I’ve been largely offline this week, losing patience with the dismally slow dial-up Internet access at my parents’ house and checking on my online classes during trips to Panera that are limited by the staying-power of my laptop battery. Even if I had a lightning-fast Internet connection at my unlimited disposal, though, I probably wouldn’t be blogging much, feeling singularly uninspired. Columbus, Ohio is the place I grew up, but it’s also the place I left when I went to college in Toledo, moved to Boston for grad school, and then settled “for good or the time being” in New Hampshire. Columbus is the place I’ll always call home, telling folks who ask me where I’m from that I hail from Ohio, not New Hampshire…but it’s a place that no longer feels like home, life here in the quietly monotonous flatlands feeling exceptionally far removed from the hubbub of stimulus that is my life in the hilly Northeast.

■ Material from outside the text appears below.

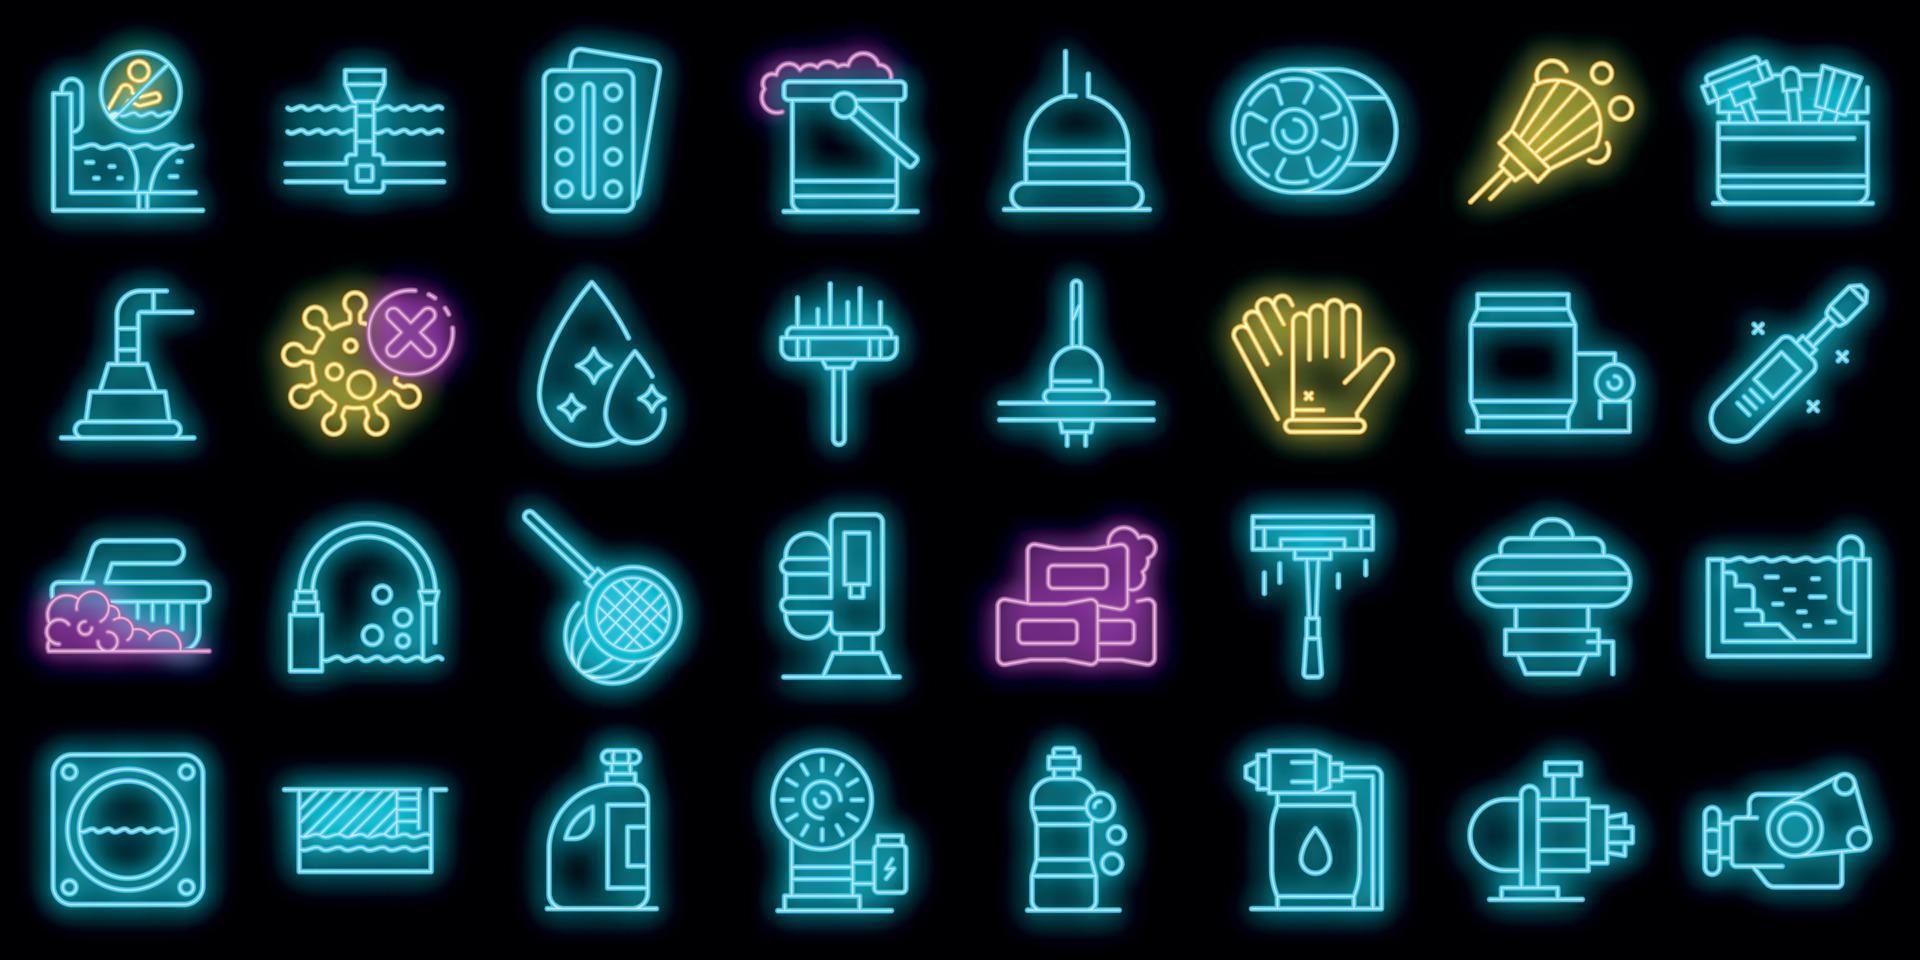 Pool cleaning icons set vector neon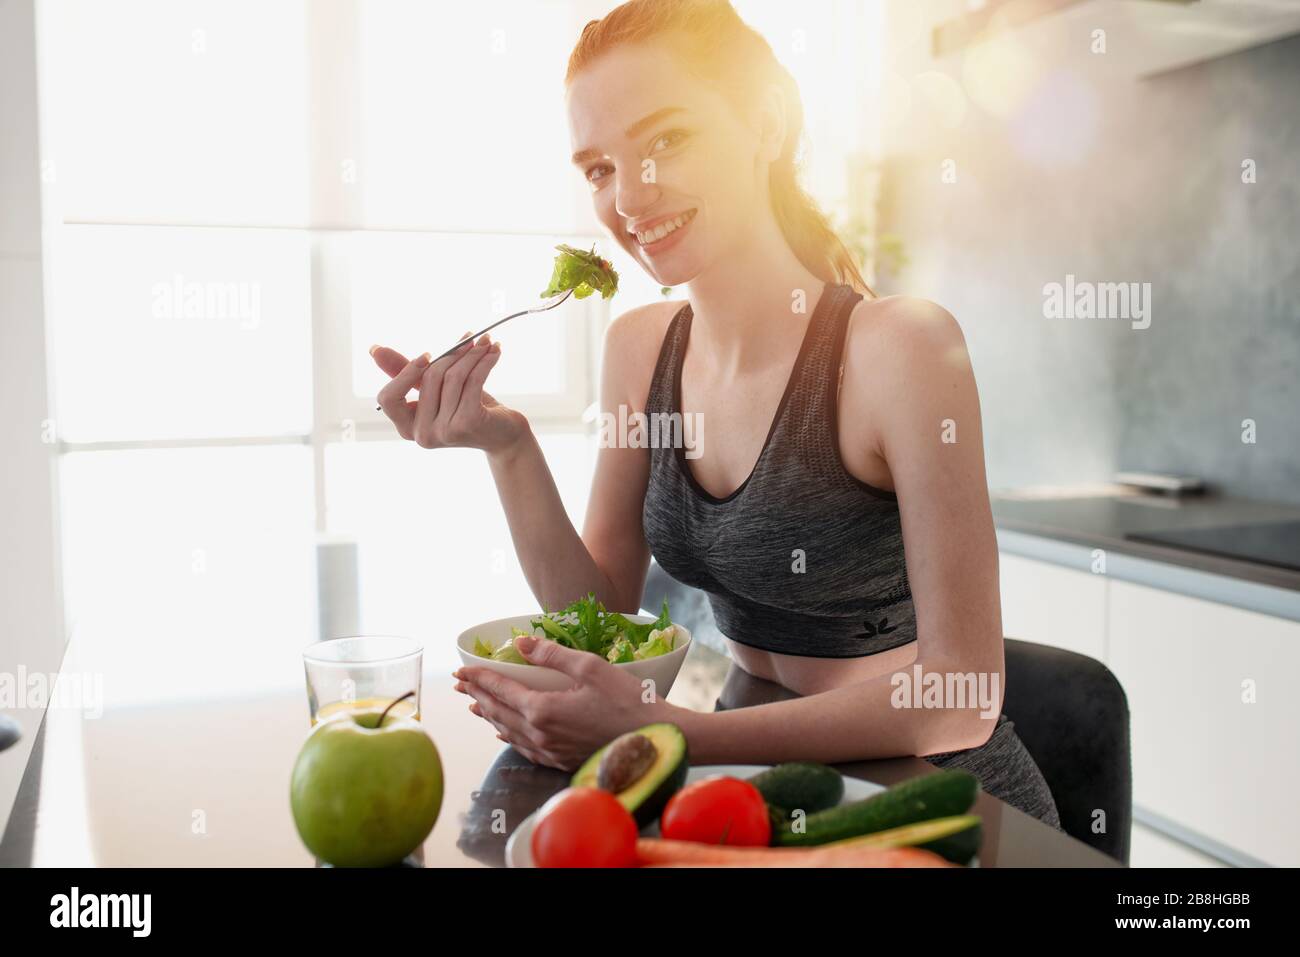 Athletic girl with gym clothes eats salad in the kitchen Stock Photo

It’s not so much that I’m bored in Ohio since I brought plenty of papers to grade and other things to keep me busy. It’s just in the presence of so much homework, I feel simultaneously tied to and entirely separate from home, wherever that is. I’ve written before about the curious sensation of being betwixt and between I feel whenever I leave my New Hampshire home to visit my Ohio one, and this trip is no different. Although I thought that coming “home” (or to my “home home,” as I started calling Columbus when I was an undergraduate in Toledo, thereby distinguishing it from the “home” that was my University dorm room) would provide a much-needed jolt of inspiration to the NaNoWriMo “novel” that I’d turned into a spiritual memoir, the exact opposite has happened: now that I’m “home home,” the last thing I want to do is think and write about the weirdly wending path that led me to my curiously Zennish existence in Keene, NH. Feeling uninspired to blog, I’m also uninspired to write, figuring I might shelve this current memoir-ish thing until a time when I actually feel inspired to write something rather than continuing a vain attempt to make-up word-count to meet an admittedly arbitrary goal.

Given my current uninspired state, it seemed fitting to post the above picture of a trashed sofa. Whereas in the hilly Northeast, we stash our unwanted couches in front of our homes, here in the Ohio flatlands, we stick unwanted furniture in the alleys out back. Maybe a forgotten back alley is exactly where I should leave my currently inactive Muse.